Питер Тиль говорит о провале демократии, почти слово в слово то, что папа писал в 1997-м, писал на полях Корана, что было кощунством, но он говорил, что Коран – это тоже код, который нужно взломать, чтобы понять замысел врага, а враг использует наши святыни против нас. Ник Лэнд цитирует идеи о «выходе из системы», это прямо из записок дяди о «хиджре из современности», исход из времени, как Моисей из Египта, только Моисей знал, куда идёт, а мы бежим в никуда, в пустоту, которую сами же создаём. Кертис Ярвин и его «неореакция» – это калька с теории дяди о «возвращении к сакральной вертикали власти», только у дяди вертикаль шла к Аллаху, а у Ярвина – к CEO, к главному исполнительному директору вселенной, который не существует, как не существовал заговор, который искал дядя.
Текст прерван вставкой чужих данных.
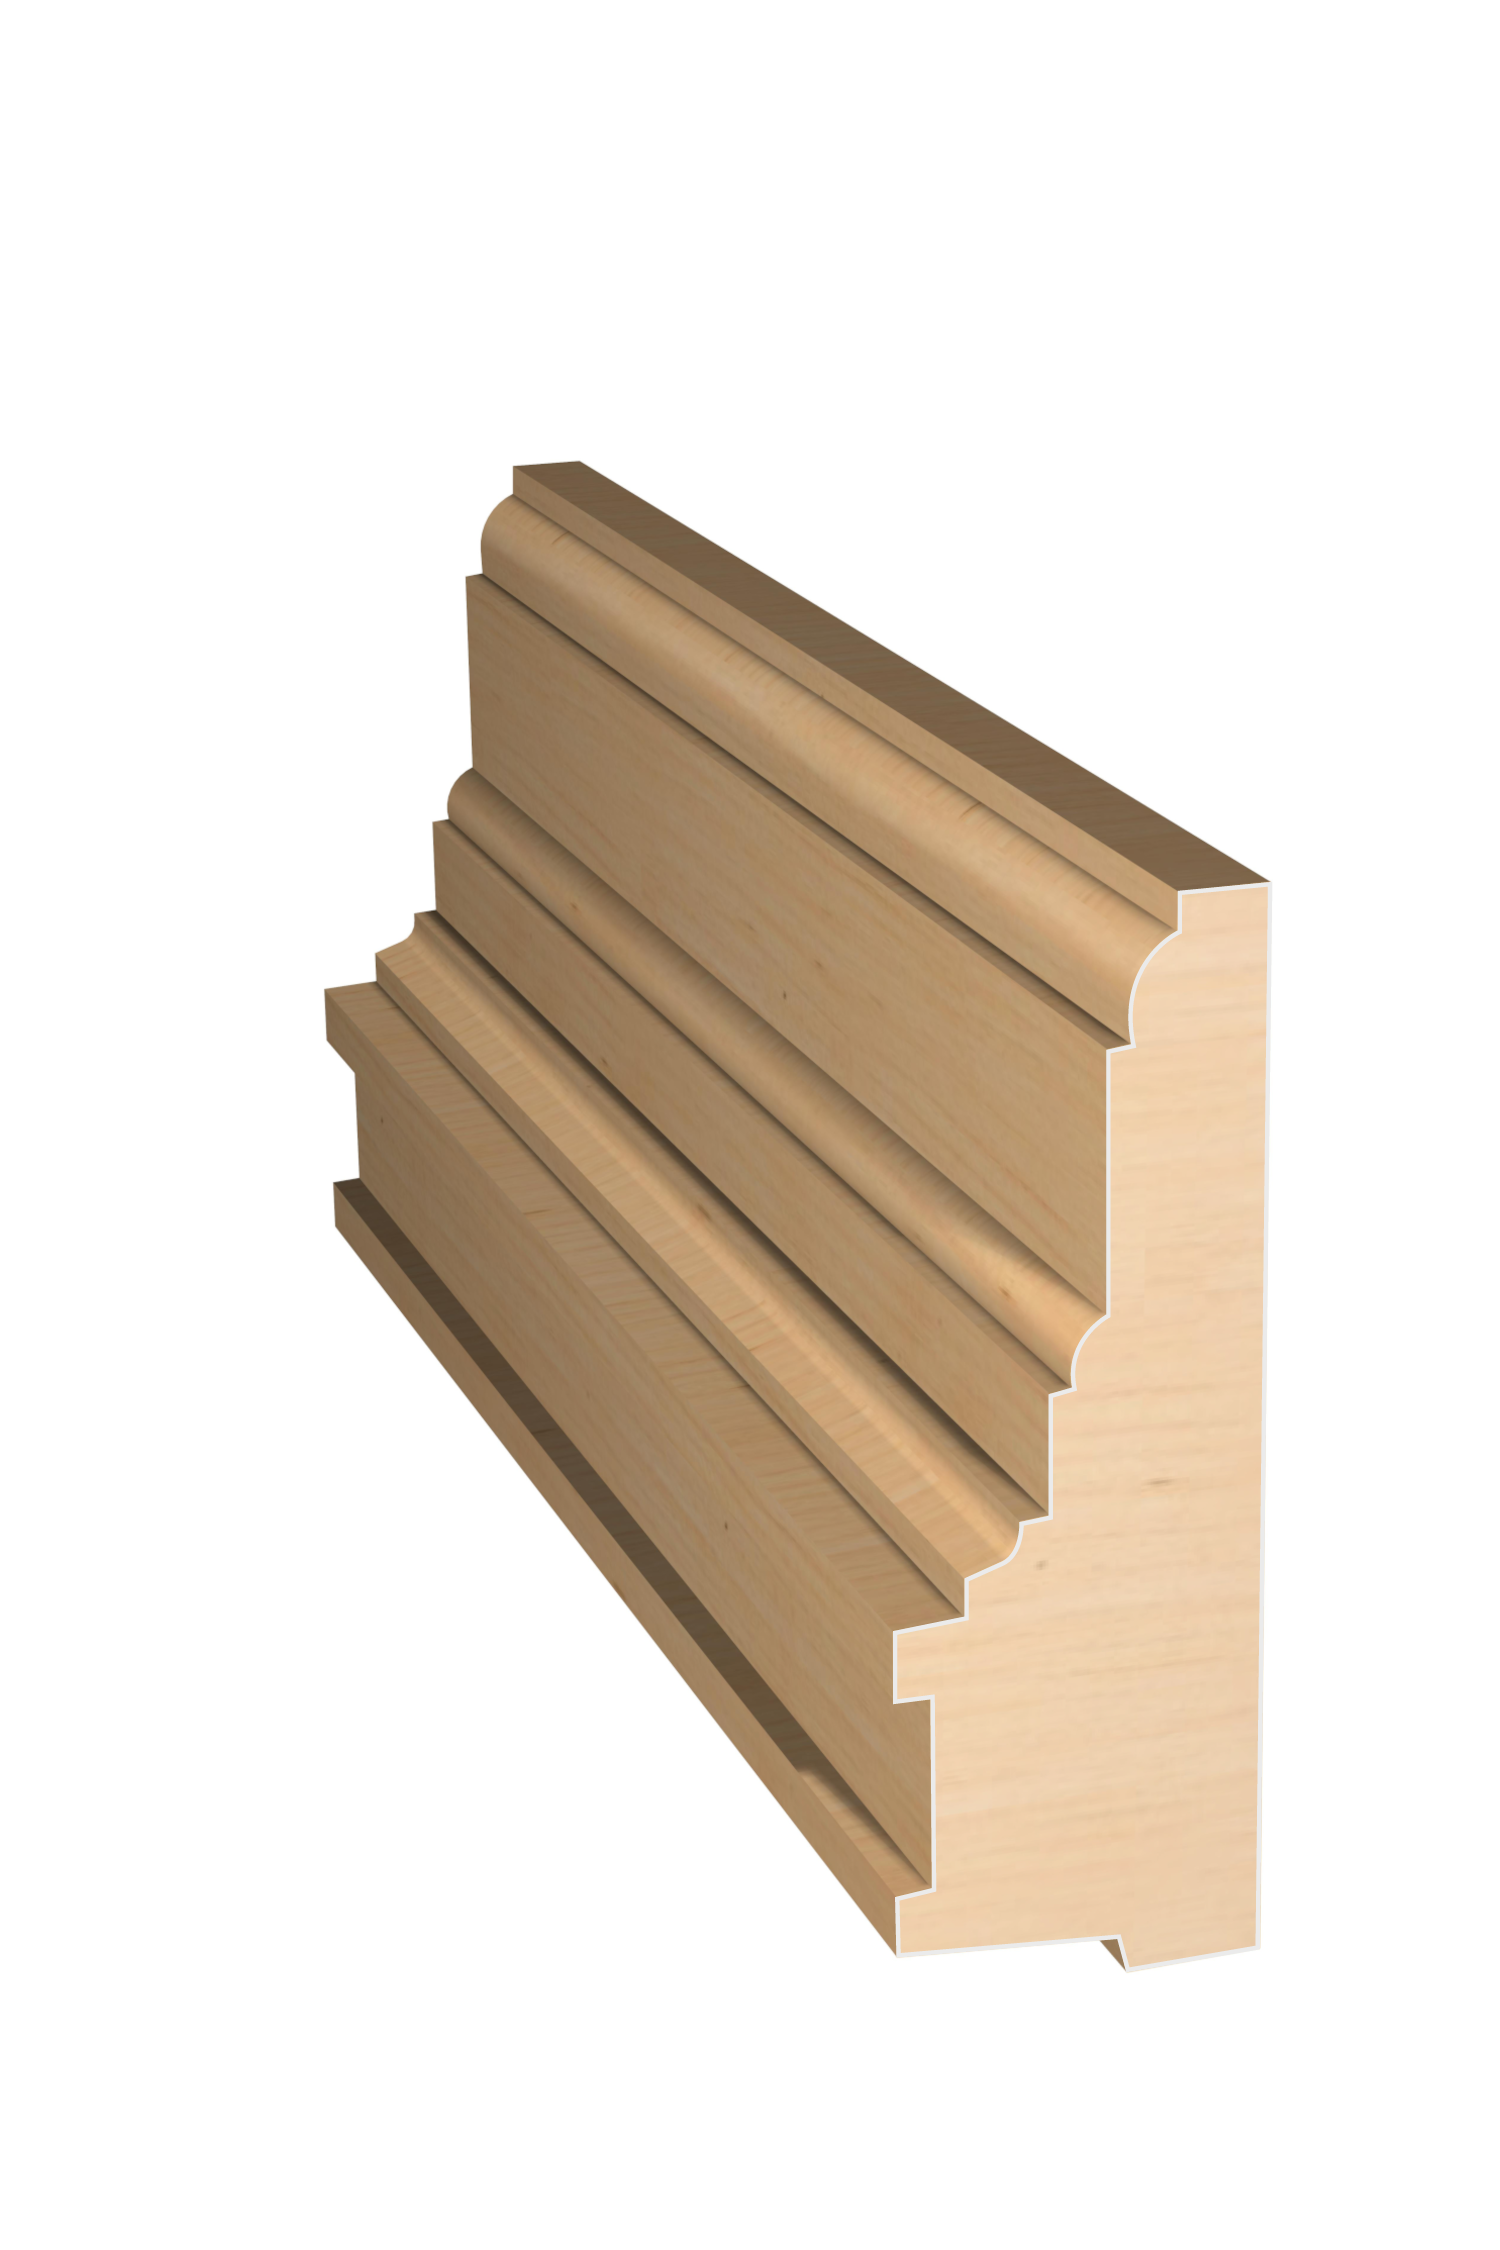 Three dimensional rendering of custom casing wood molding CAPL2782 made by Public Lumber Company in Detroit.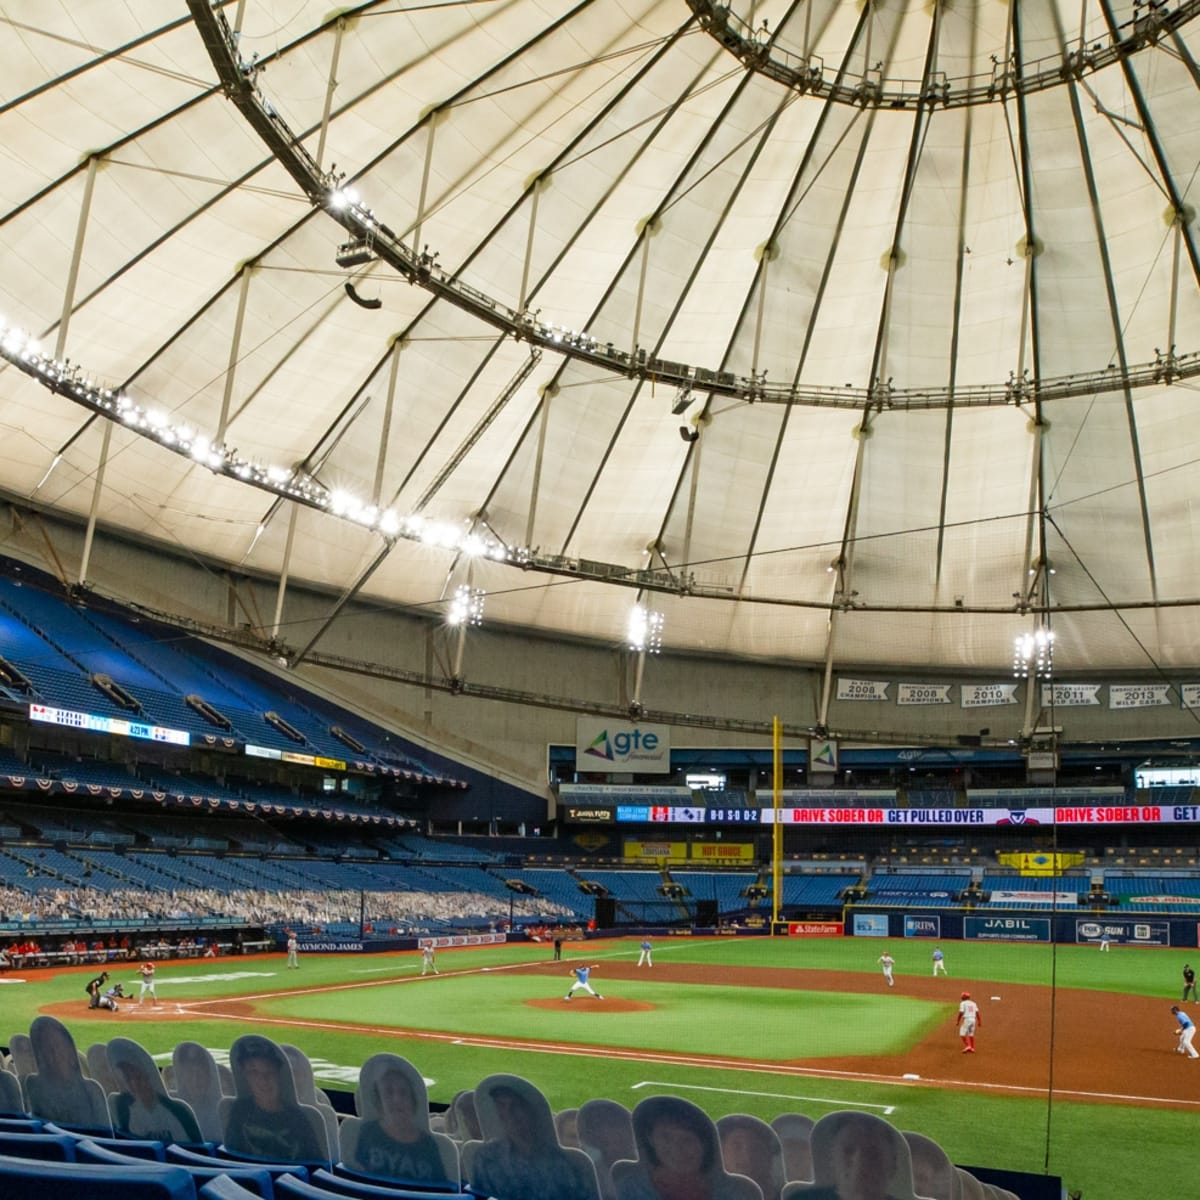 Tampa Bay Rays owner Stu Sternberg sued for alleged 'fraudulent

Они даже не знают, они, эти умные люди из Кремниевой долины, не знают, что их «революционные» идеи были придуманы полубезумным полковником и богословом из Шираза, которые искали заговор там, где его не было, и в процессе создали философию, которую потом присвоили те самые люди, которых они считали врагами, или может быть, это я придумала, что они придумали, может быть, в той детской комнате, где я рисовала схемы, соединяя имена и даты, я создавала не карту заговора, а чертёж будущего, и теперь мир строится по моим детским каракулям, как по blueprint, как по схеме центрифуги, которая разделяет уран на изотопы, а жизнь – на правду и ложь, только где правда, а где ложь, когда ложь становится правдой через двадцать лет?
Вчера Насрин спросила меня о дедушке, я сказала, что он погиб в автокатастрофе, когда мне было пятнадцать, простая случайность, водитель грузовика уснул за рулём, но даже произнося эти слова, я слышала голос дяди: «Случайностей не бывает, Захра-джан, есть только узоры, которые мы ещё не умеем читать», и я читаю эти узоры всю жизнь, как читают ЭКГ умирающего сердца, ища в хаосе ритм, а находя только эхо собственного пульса.
Всё началось не в Фордо, и не в Сарове, где я впервые сыграла в World of Tanks, выбрав немецкий Jagdpanther, охотник на танки, охотник на призраков, охотник на себя. Всё началось в Ширазе, в тот год, когда весна пахла розами и предательством, хотя какое предательство, если никто никого не предавал, просто отец умер, а дядя сошёл с ума, или наоборот, отец сошёл с ума, а дядя умер, или они оба живы в параллельной вселенной, где Хатами проиграл выборы, и история пошла по другому пути, по пути, который они чертили на пыльном ковре.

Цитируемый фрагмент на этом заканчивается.